Type :help for more information.
Spark context available as sc (master = yarn-client, app id = application_1486918126261_0072).
SQL context available as sqlContext.
These last two lines indicate the entry points for using the Spark API, the
Spark context sc
and the SQL context sqlContext
. We won’t be using the
SQL context in this tutorial but we will invoke the Spark context, which we
can examine by simply typing sc
into the Scala REPL:
scala> sc
res0: org.apache.spark.SparkContext = org.apache.spark.SparkContext@49d98c3e
scala>
Creating an RDD
We’re going to use the textFile
method of the SparkContext sc
to load in a file in the /data
directory of HDFS (note that we could also read in a local file as well) and
store it as a Resilient Distributed Dataset (RDD):
scala> val lines = sc.textFile("hdfs:///data/Spark_README.md")
lines: org.apache.spark.rdd.RDD[String] = hdfs:///data/Spark_README.md MapPartitionsRDD[5] at textFile at <console>:27
The REPL indicates that lines is now a MapPartitionsRDD
.
In the grand scheme of things, mapping to different partitions is the key
to the map-reduce paradigm; instead of sending data to a single node and
processing
it in chunks, the program is sent to the node(s) where the data resides on
disk and is executed in parallel fashion.
Pretty cool right?
Note that lines
is declared as val
for value; in addition to being a
strongly-typed language, Scala emphasizes functional programming and
immutable state. Thus, values can be thought of as immutable variables.
Once a value is created, it’s properties cannot be changed.
Transformations
To demonstrate our mapping capabilities, we’ll first use the RDD method flatMap
;
when our RDD lines
was created, Spark separated the input text at line endings so
that each element of the RDD corresponds to a single line of text (this can easily
be verified by executing lines.take(5)
which will print the first 5 elements of
the RDD).
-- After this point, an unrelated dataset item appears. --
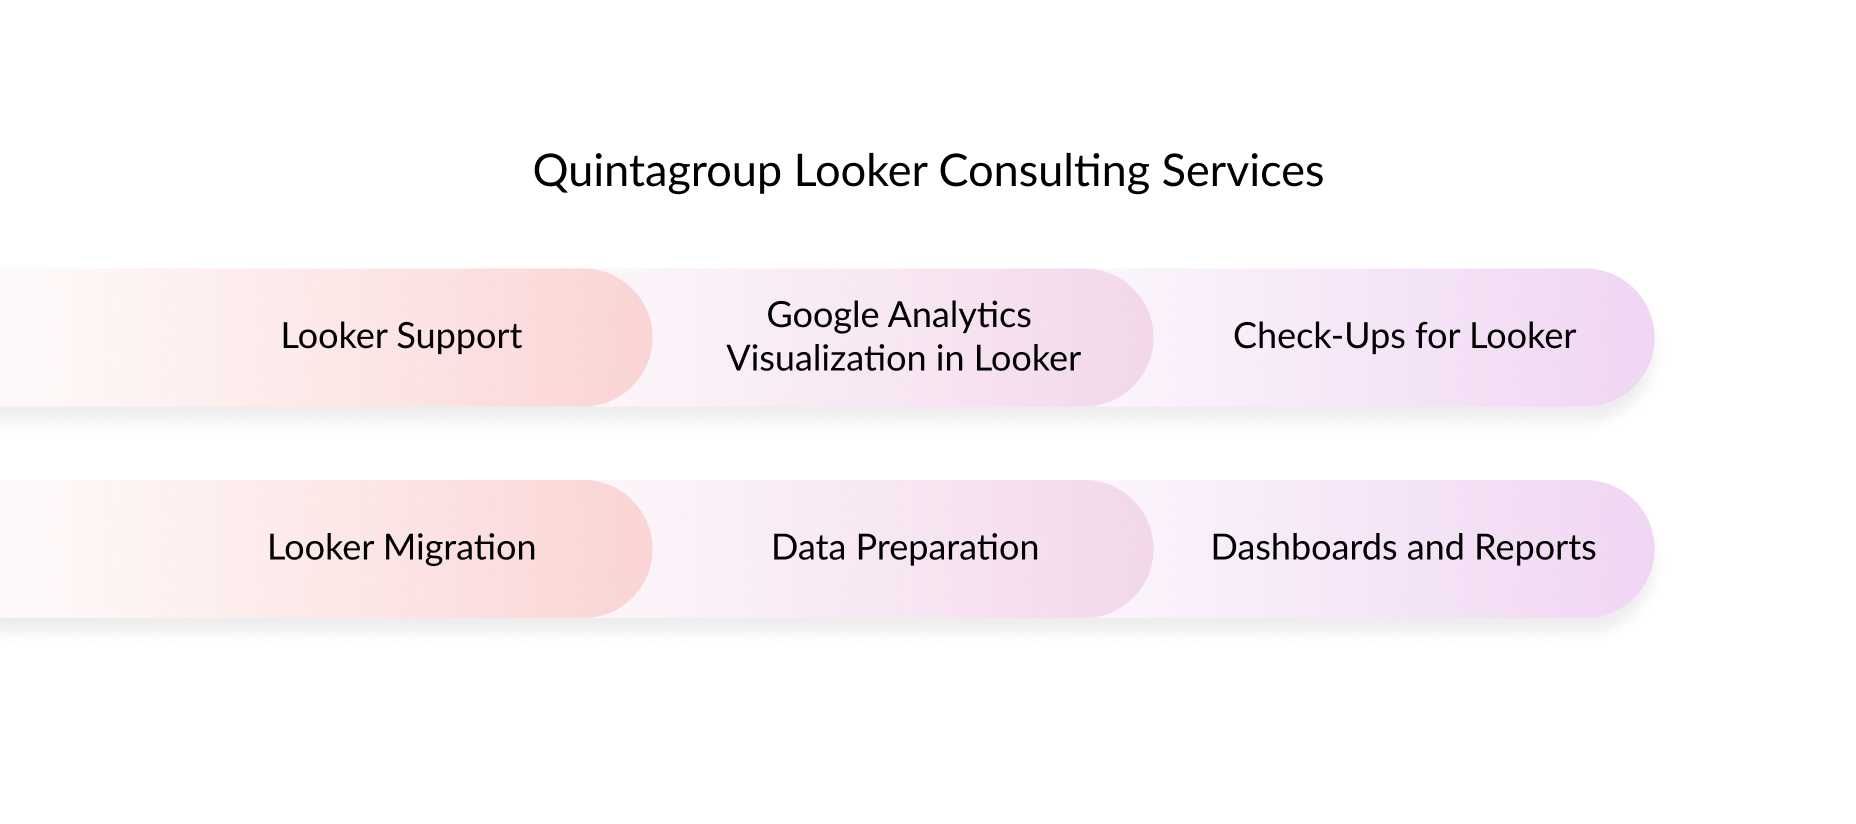 Quintagroup Looker Consulting Services.jpg
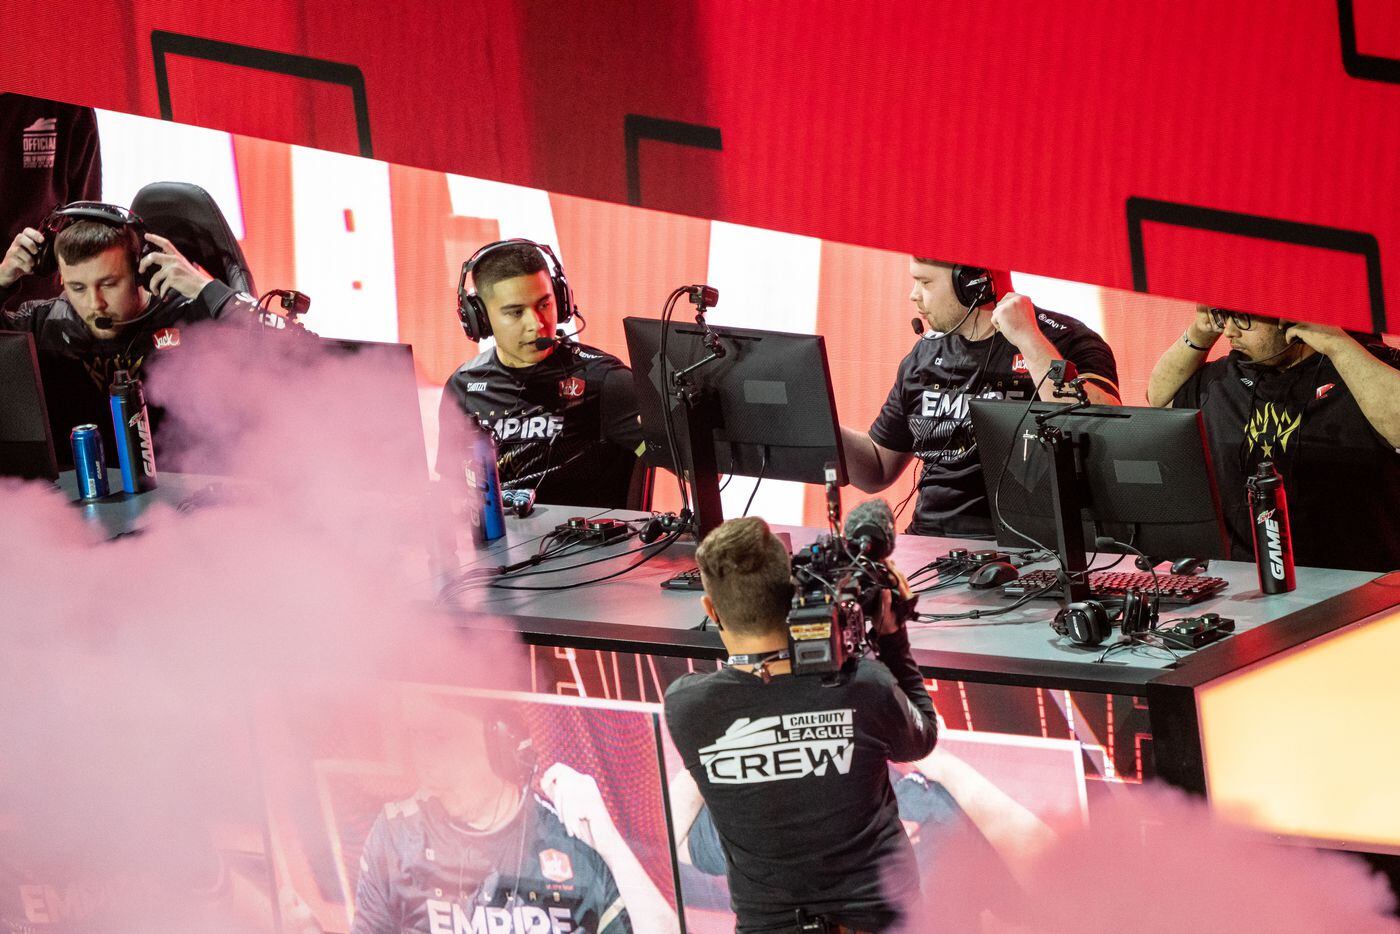 The Dallas Empire exchange fist bumps after losing to the Atlanta FaZe during the winners final of the Call of Duty league playoffs at the Galen Center on Saturday, August 21, 2021 in Los Angeles, California. The Empire lost to FaZe 0 - 3 in their first match of the day but are still in contention to play in the finals through the elimination finals. (Justin L. Stewart/Special Contributor)

Now we want to take each line and break it up into words, and for this
we can use an anonymous function line => line.split("\\s+")
which takes a string
and splits it at whitespace, storing the non-whitespace in an array of strings.
But since we don’t care about lines but only words in this problem, we’d rather
have just an RDD of strings with each element corresponding to a word; this is
precisely what flatMap
does, mapping one string to potentially many strings:
scala> val words = lines.flatMap(line => line.split("\\s+"))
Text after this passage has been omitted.